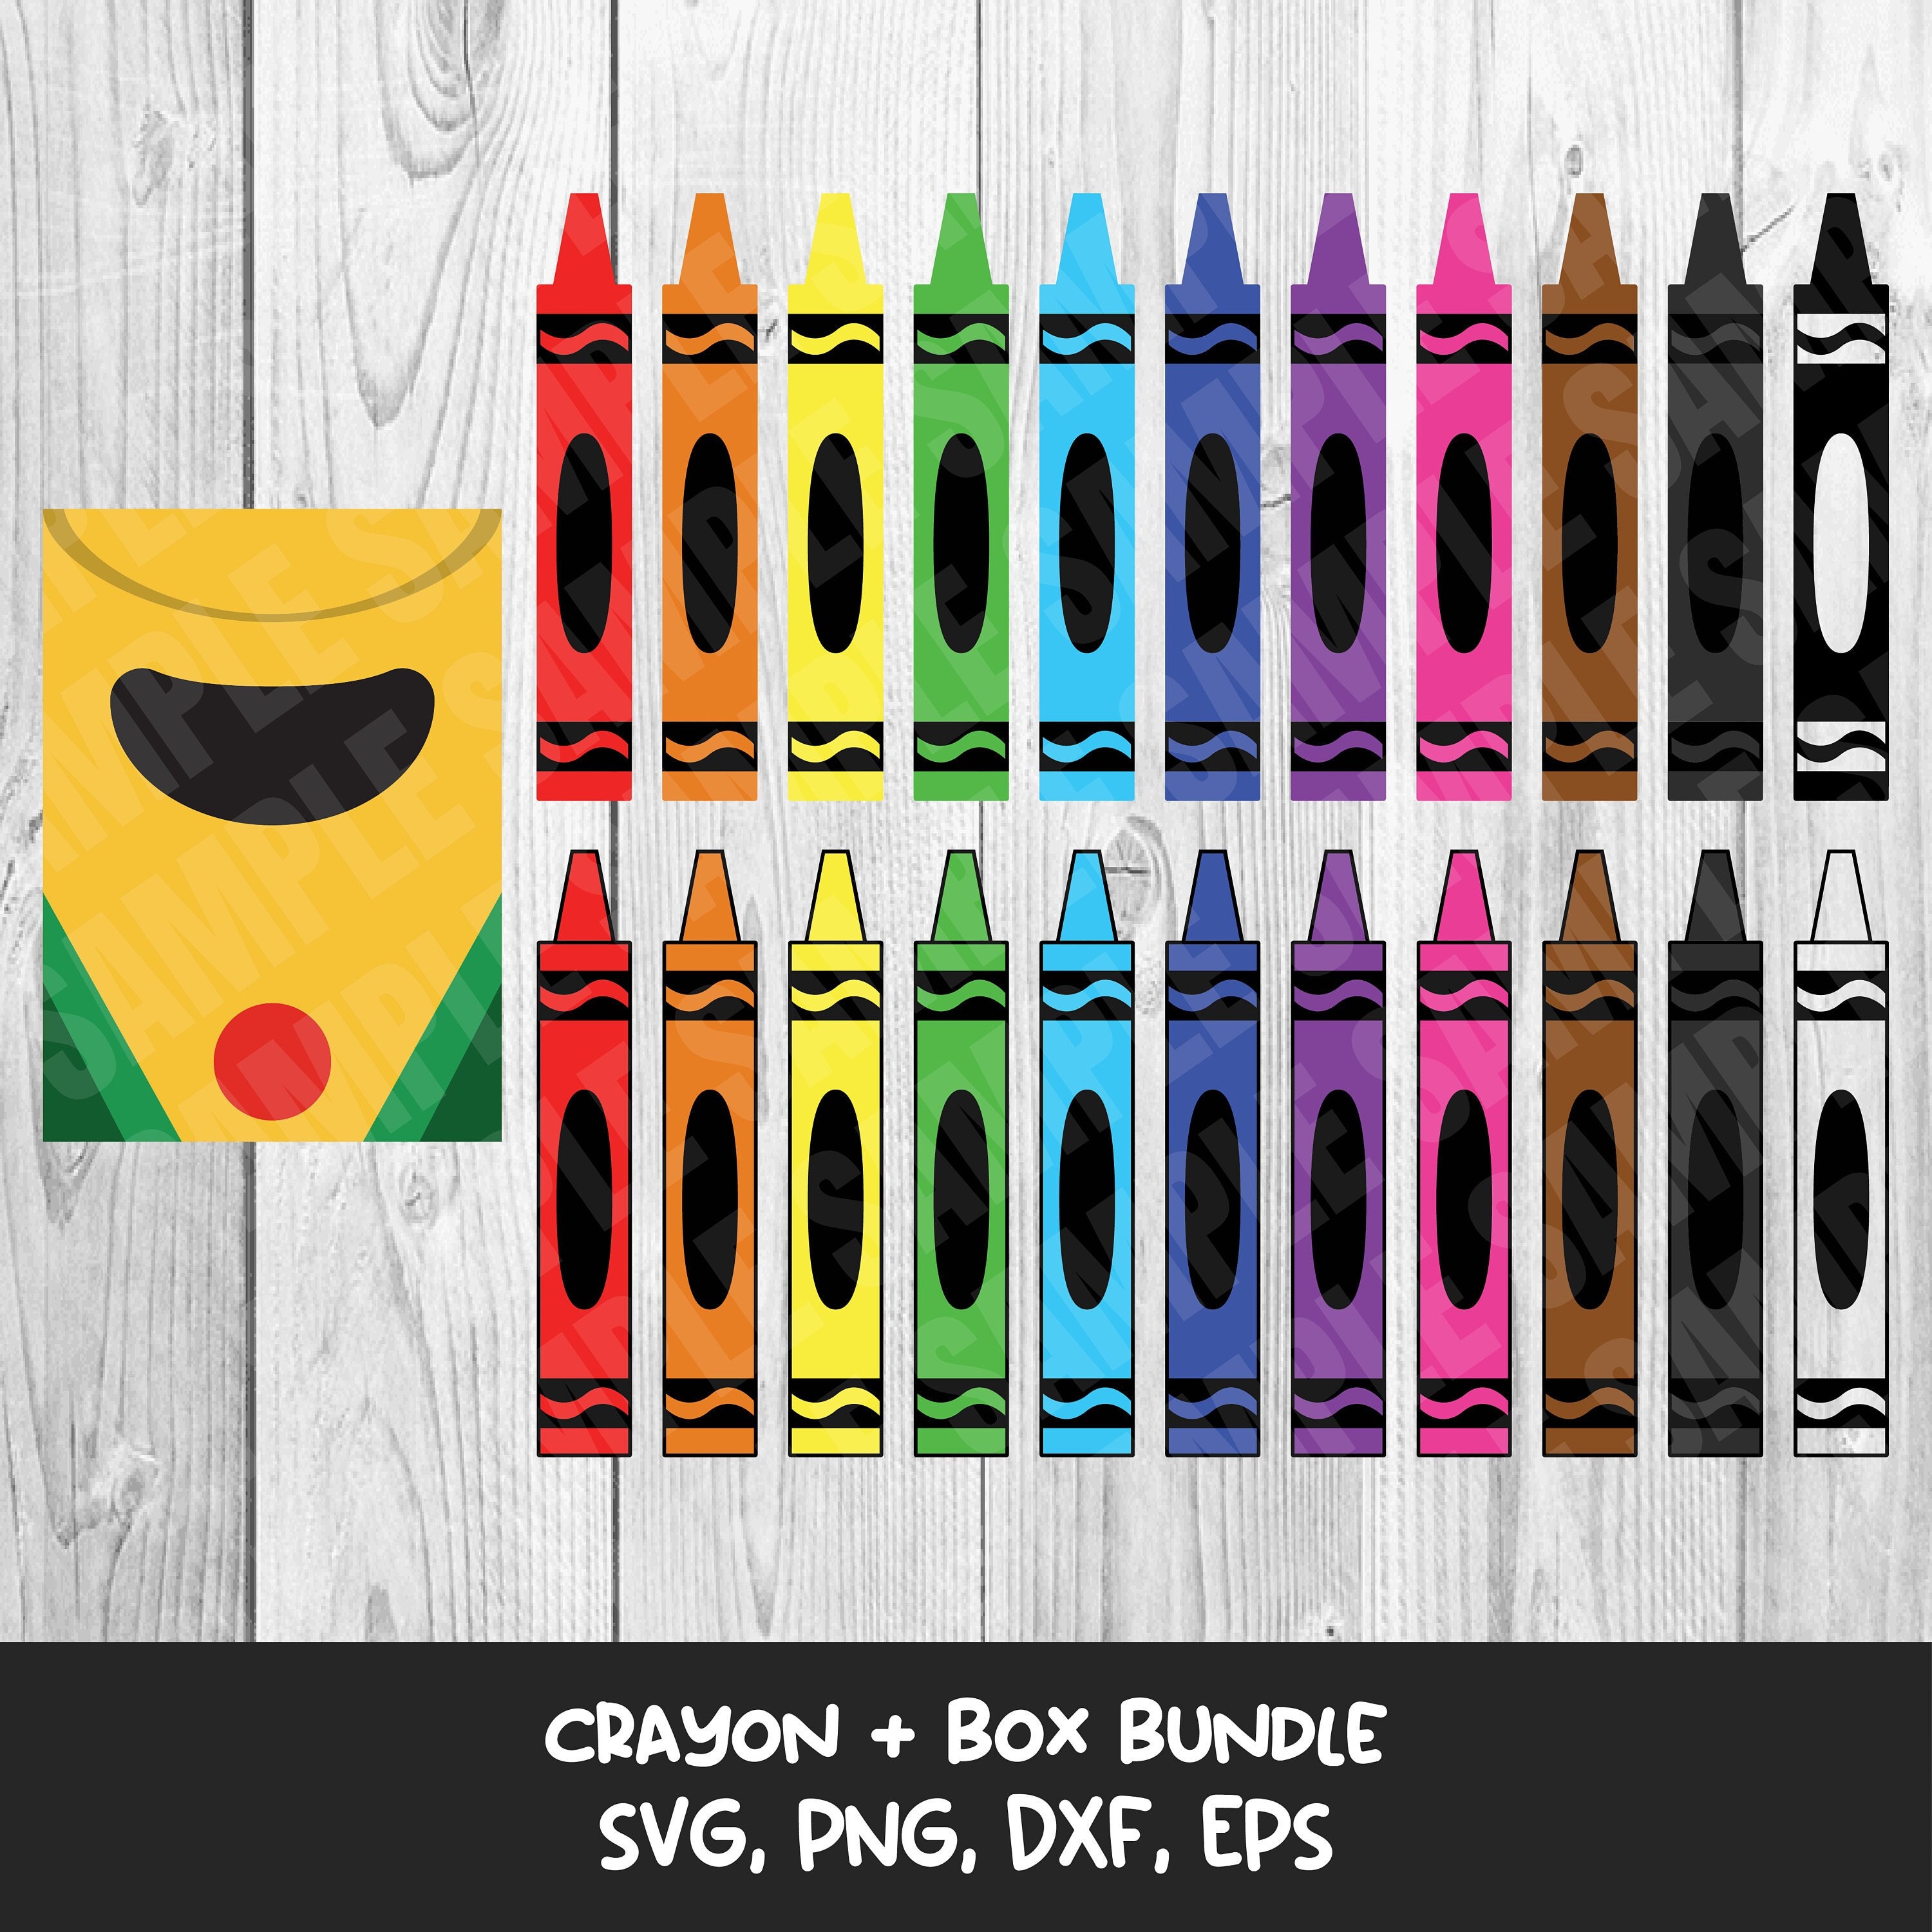 Crayon Holder Template Bundle — Boydston Grove
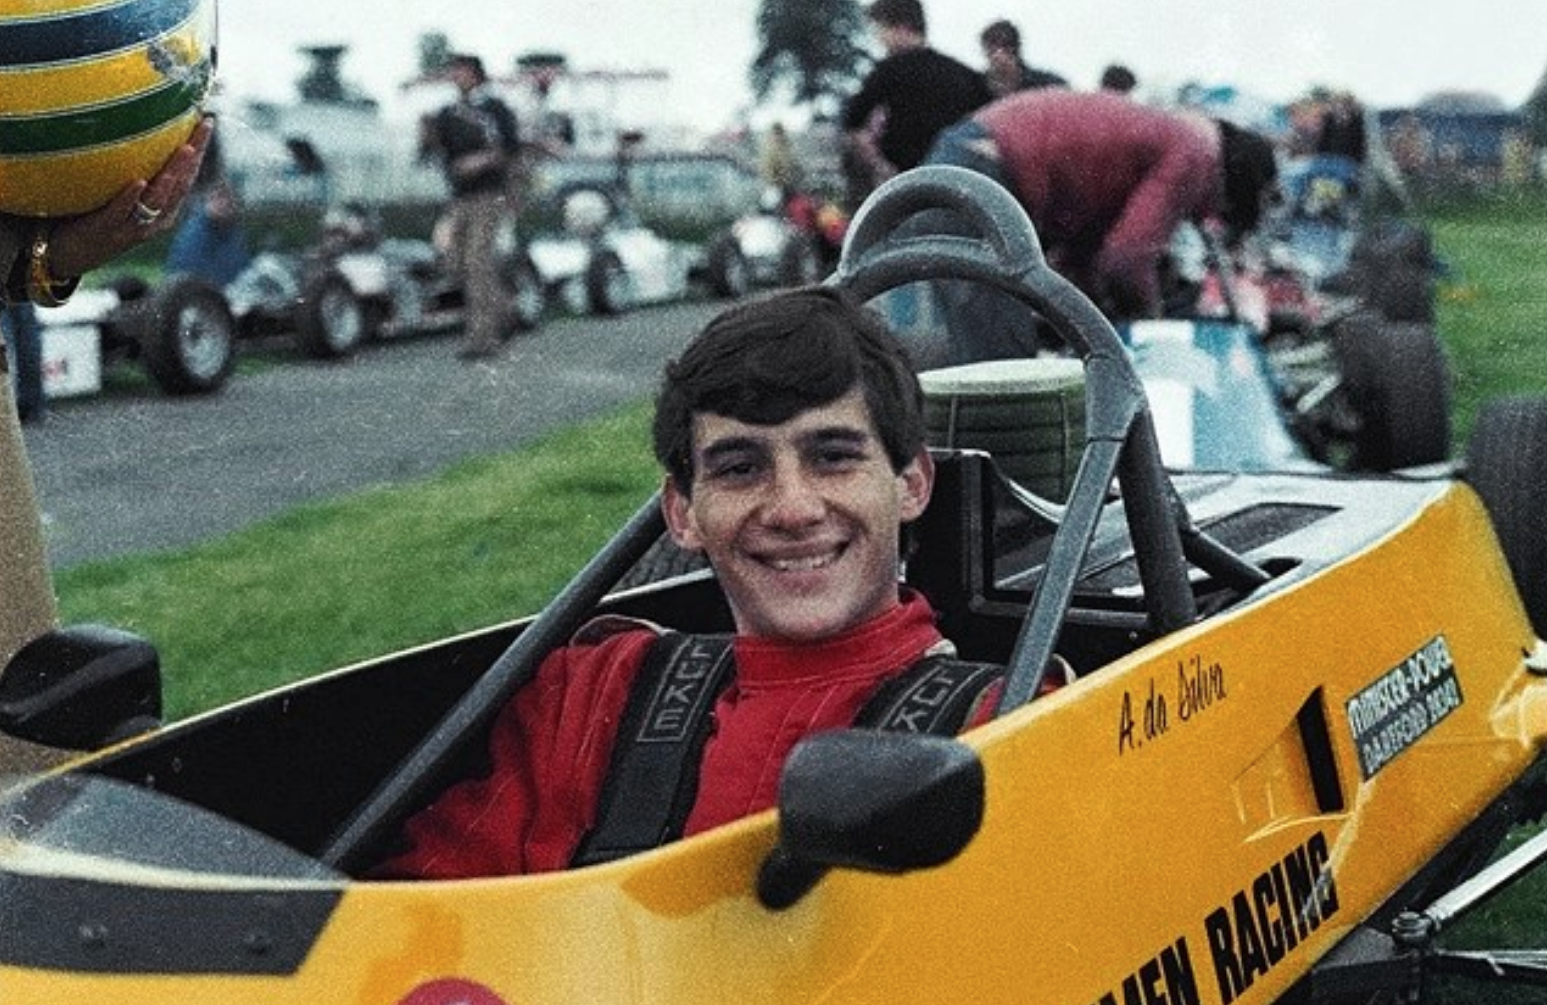 Young Ayrton Senna in 1981
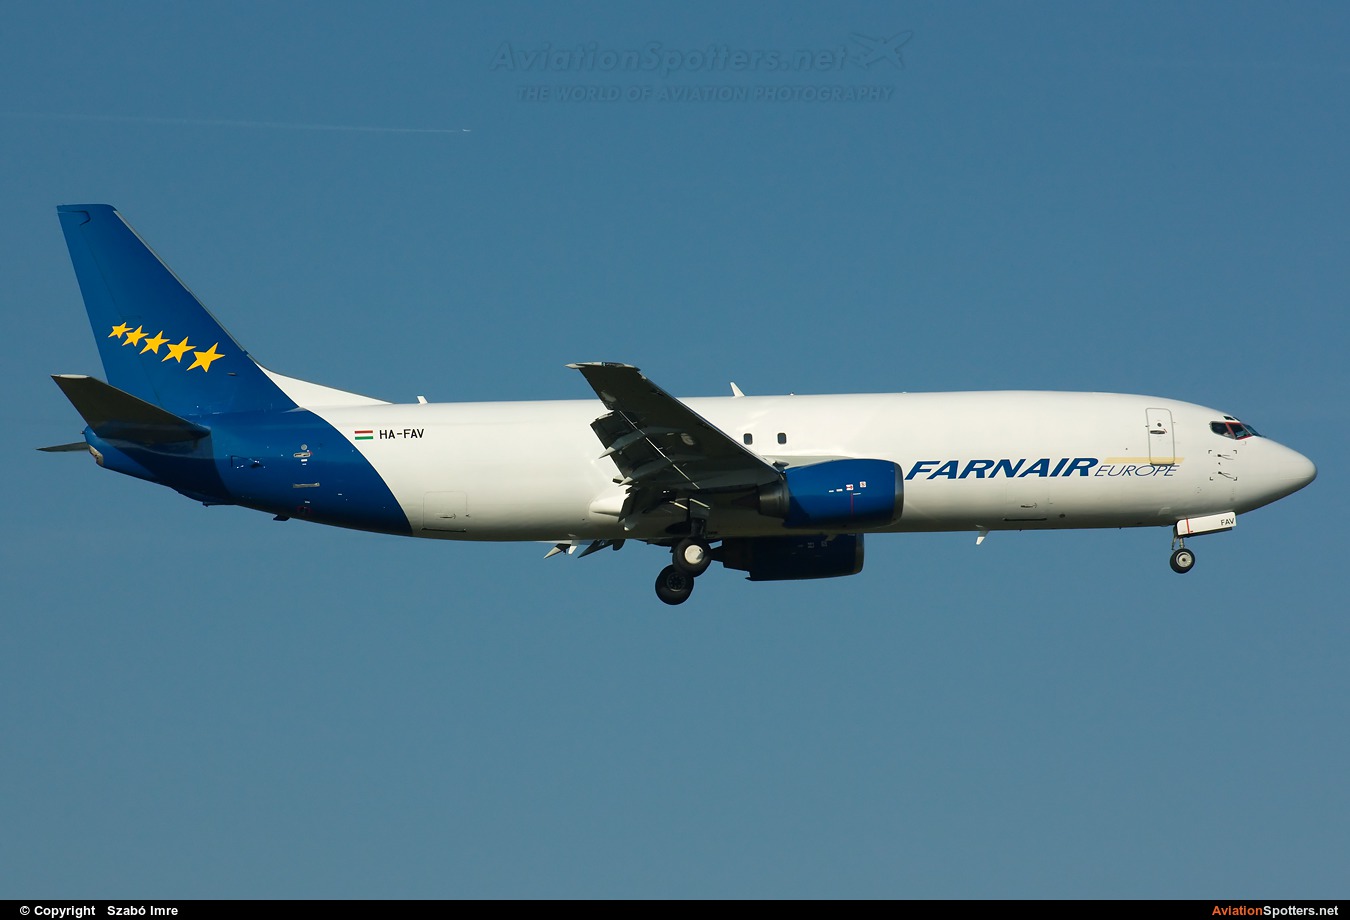 Farnair Europe  -  737-400F  (HA-FAV) By Szabó Imre (SzImre71)

EXERCISE →
An exact copy of the data above is required, printed without its pictures.

WRITTEN REPLY →
 Crayon Holder Template Bundle — Boydston Grove
 Young Ayrton Senna in 1981
 Farnair Europe  -  737-400F  (HA-FAV) By Szabó Imre (SzImre71)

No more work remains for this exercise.